For all but two of the above criteria, the higher the score, the better; for Housing and Crime, the lower the score the better.
The scores are computed based upon the following items:
Our analysis goal is to find trends and characterize individual cities using fewer variables.
Question 5:
Use the prcomp
to perform PCA on the places related data, be sure to remove the city’s name, case number, lat/long, population, and StNum. Use the loadings to come up with an interpretation for the first three principal components.
head(places)
## City Climate HousingCost HlthCare Crime Transp
## 1 Abilene,TX 521 6200 237 923 4031
## 2 Akron,OH 575 8138 1656 886 4883
## 3 Albany,GA 468 7339 618 970 2531
## 4 Albany-Schenectady-Troy,NY 476 7908 1431 610 6883
## 5 Albuquerque,NM 659 8393 1853 1483 6558
## 6 Alexandria,LA 520 5819 640 727 2444
## Educ Arts Recreat Econ CaseNum Long Lat Pop StNum
## 1 2757 996 1405 7633 1 -99.6890 32.5590 110932 44
## 2 2438 5564 2632 4350 2 -81.5180 41.0850 660328 36
## 3 2560 237 859 5250 3 -84.1580 31.5750 112402 11
## 4 3399 4655 1617 5864 4 -73.7983 42.7327 835880 35
## 5 3026 4496 2612 5727 5 -106.6500 35.0830 419700 33
## 6 2972 334 1018 5254 6 -92.4530 31.3020 135282 19
Question 6
Construct a scree plot and determine much of the variation in data is contained in the first three principal components?

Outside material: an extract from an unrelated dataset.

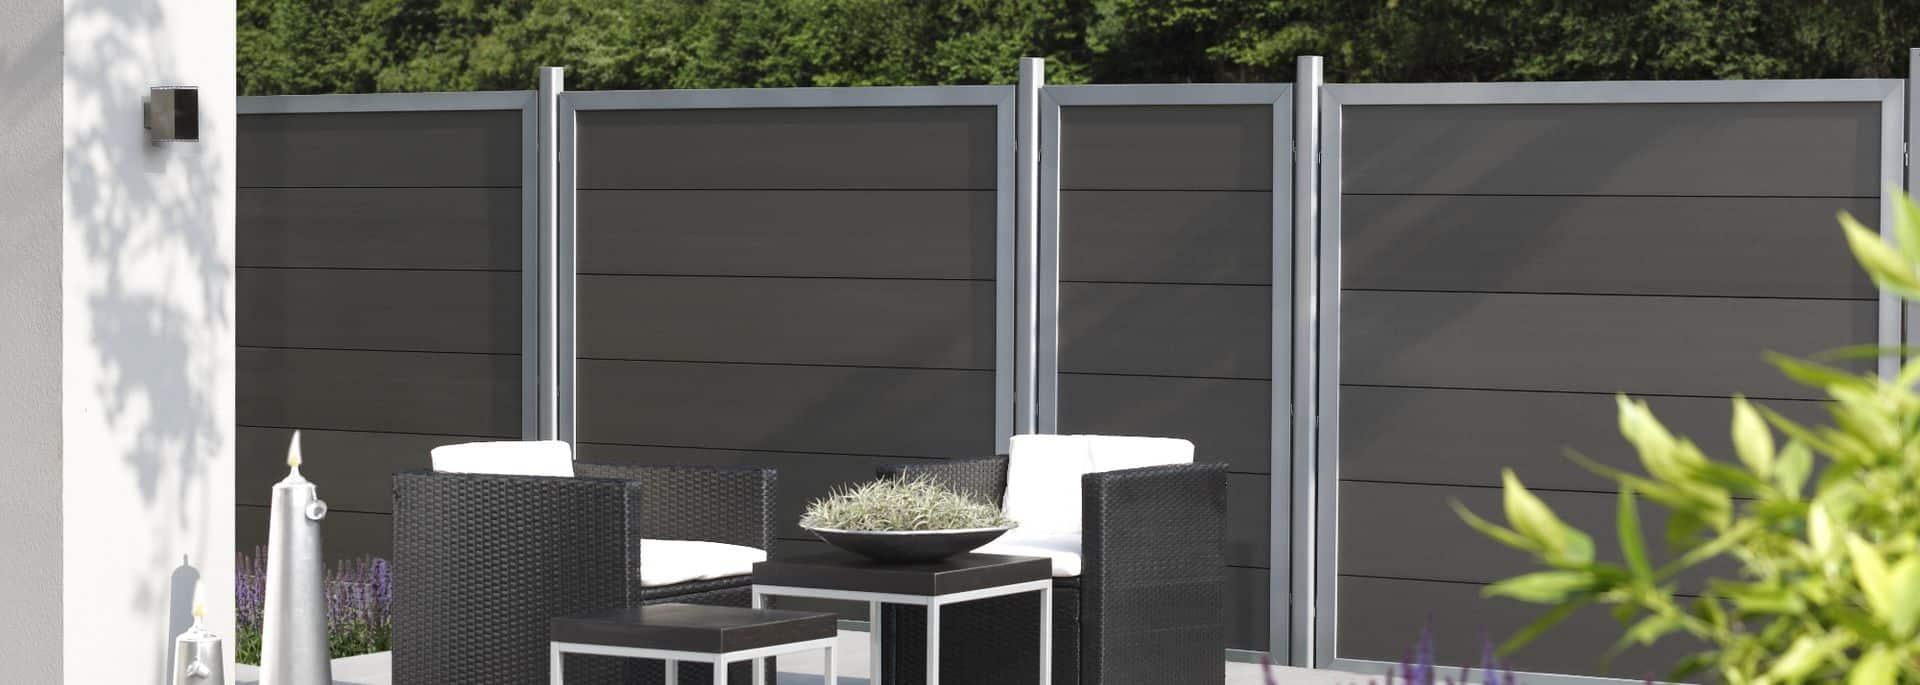 1 Design Sichtschutz Wpc Farbe Anthrazit Holz Im Garten Kunststoff Sichtblende Brugmann Rogowski Holzhandlung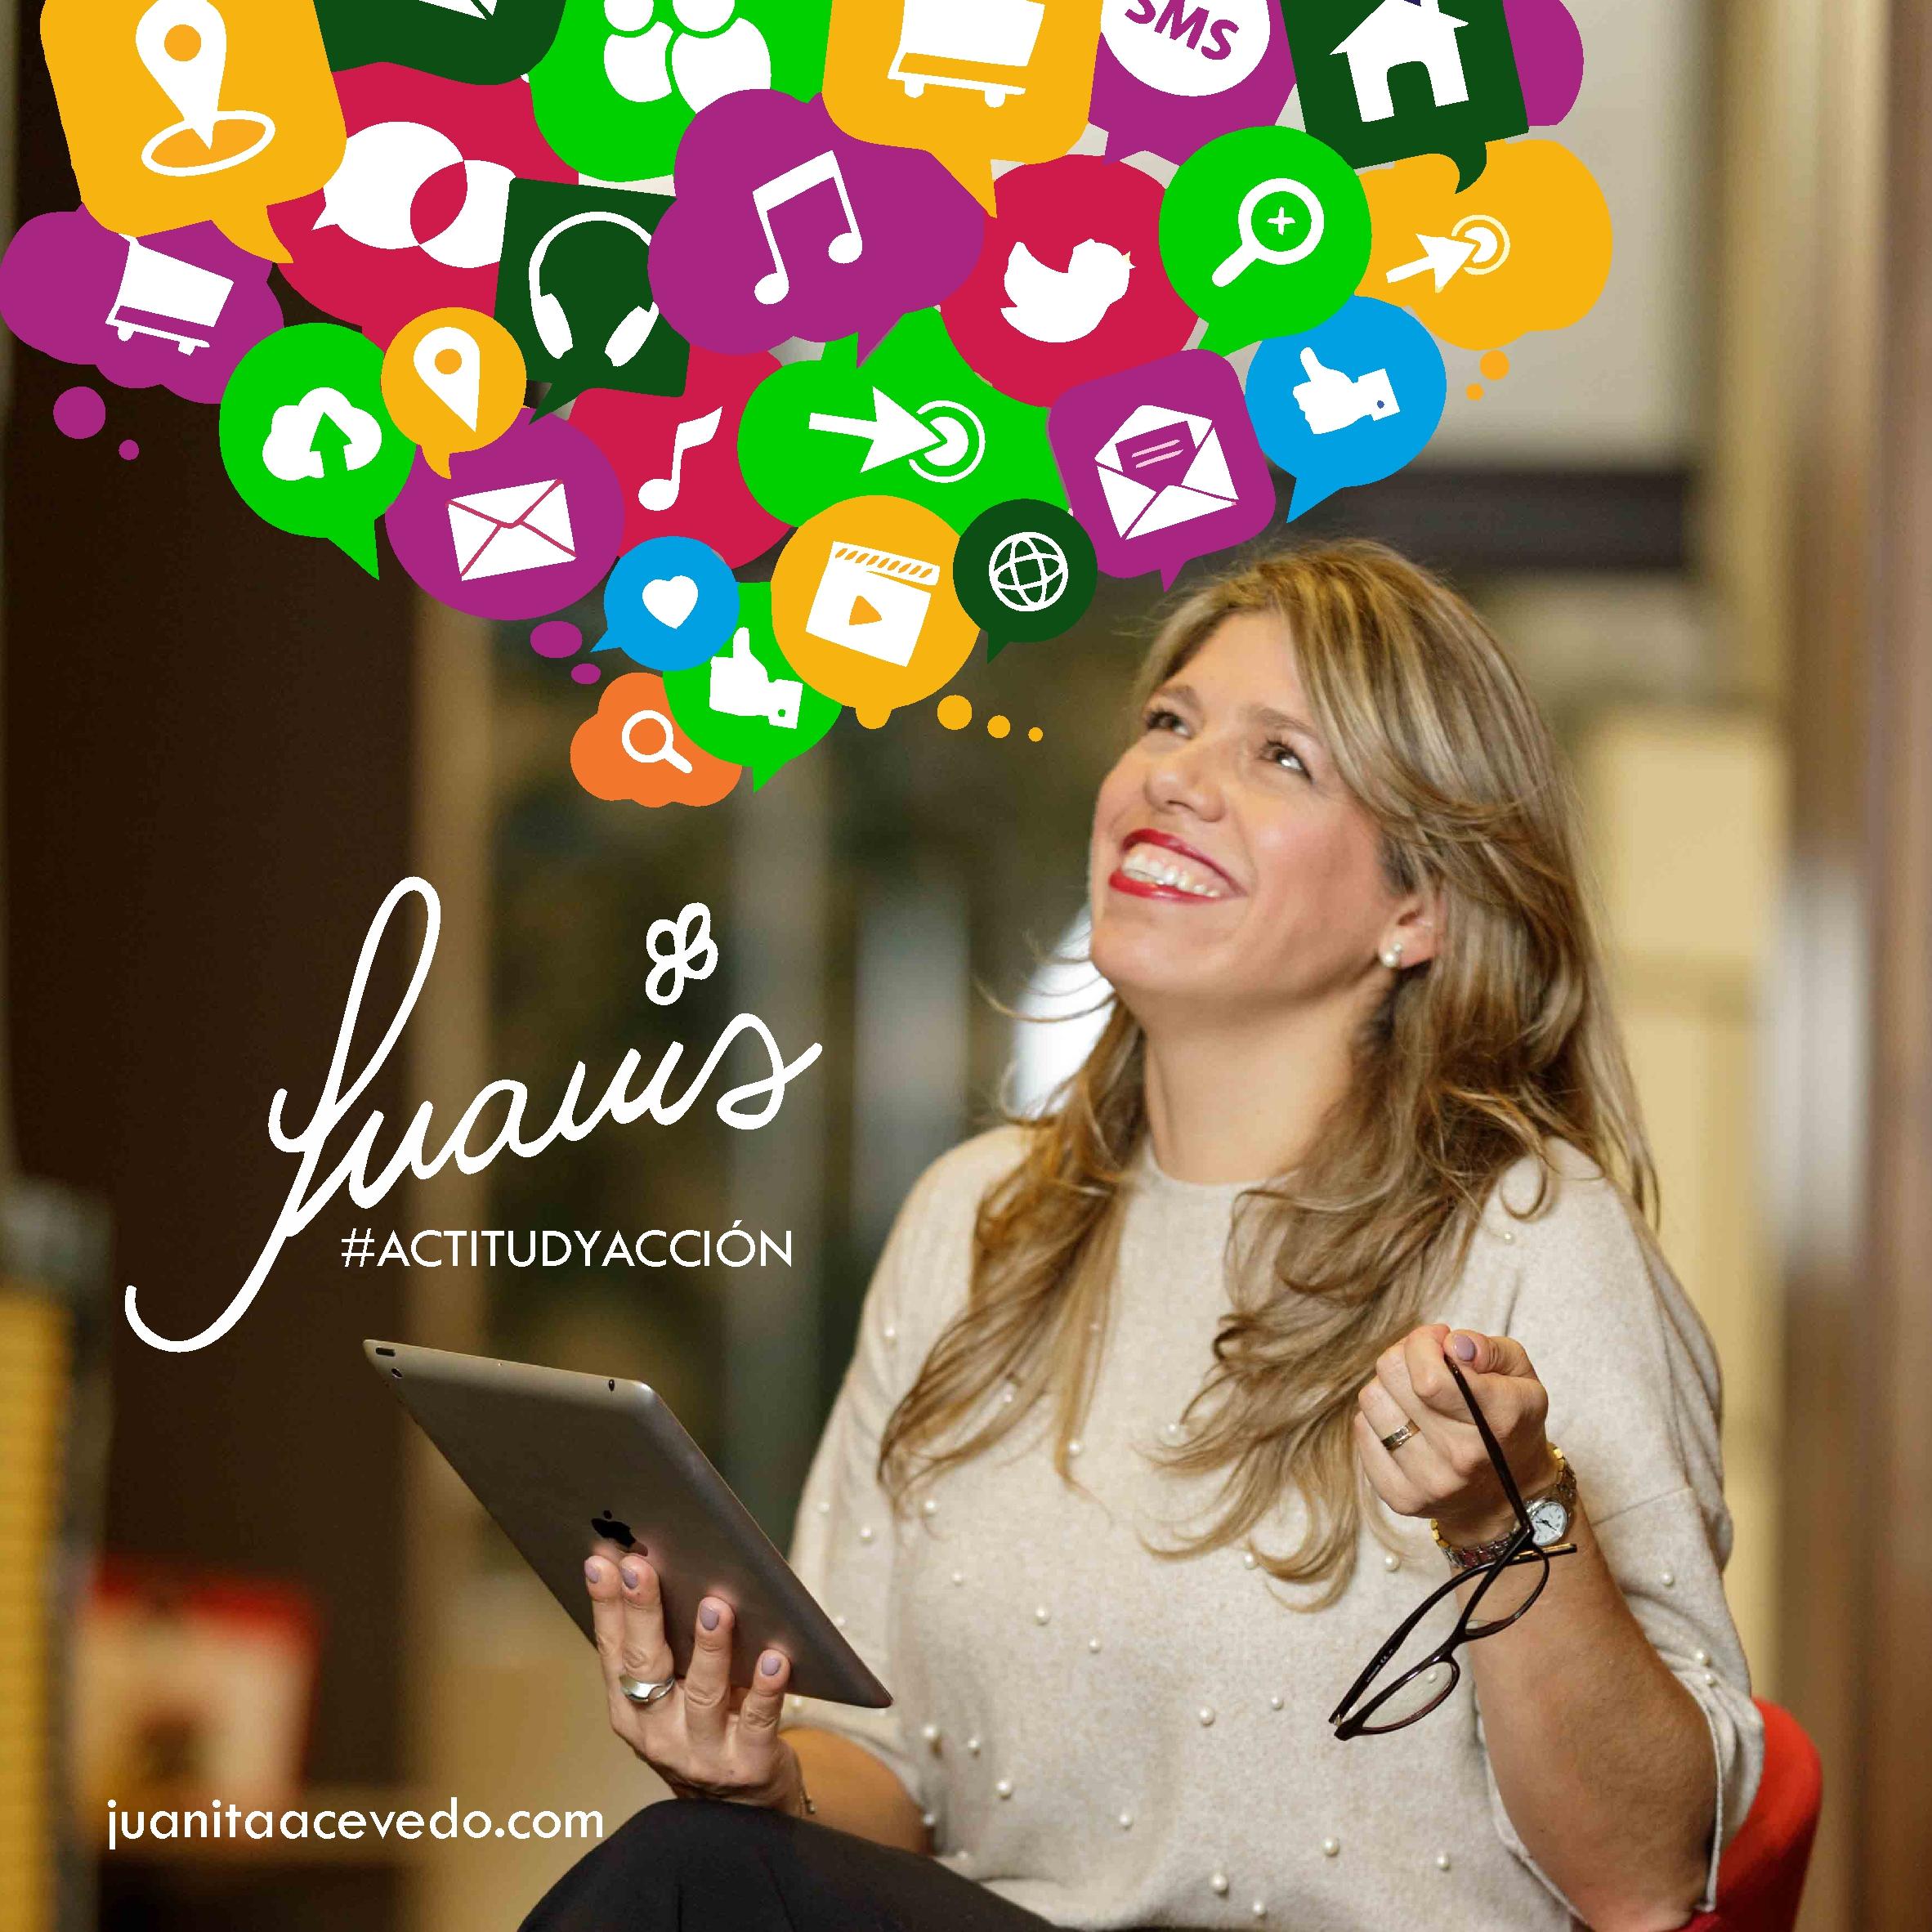 Marca Personal - Juanita Acevedo

Also, provide an argument for reducing these data to only the first three principal components.
Question 7:
Use fviz_pca_ind
to construct a plot displaying relationship between the first two principal component scores of these cities colored by log-population (use base 10). How does population appear to be related to these components?
Question 8:
Place 213 is New York City, use the first two principal components to characterize New York city.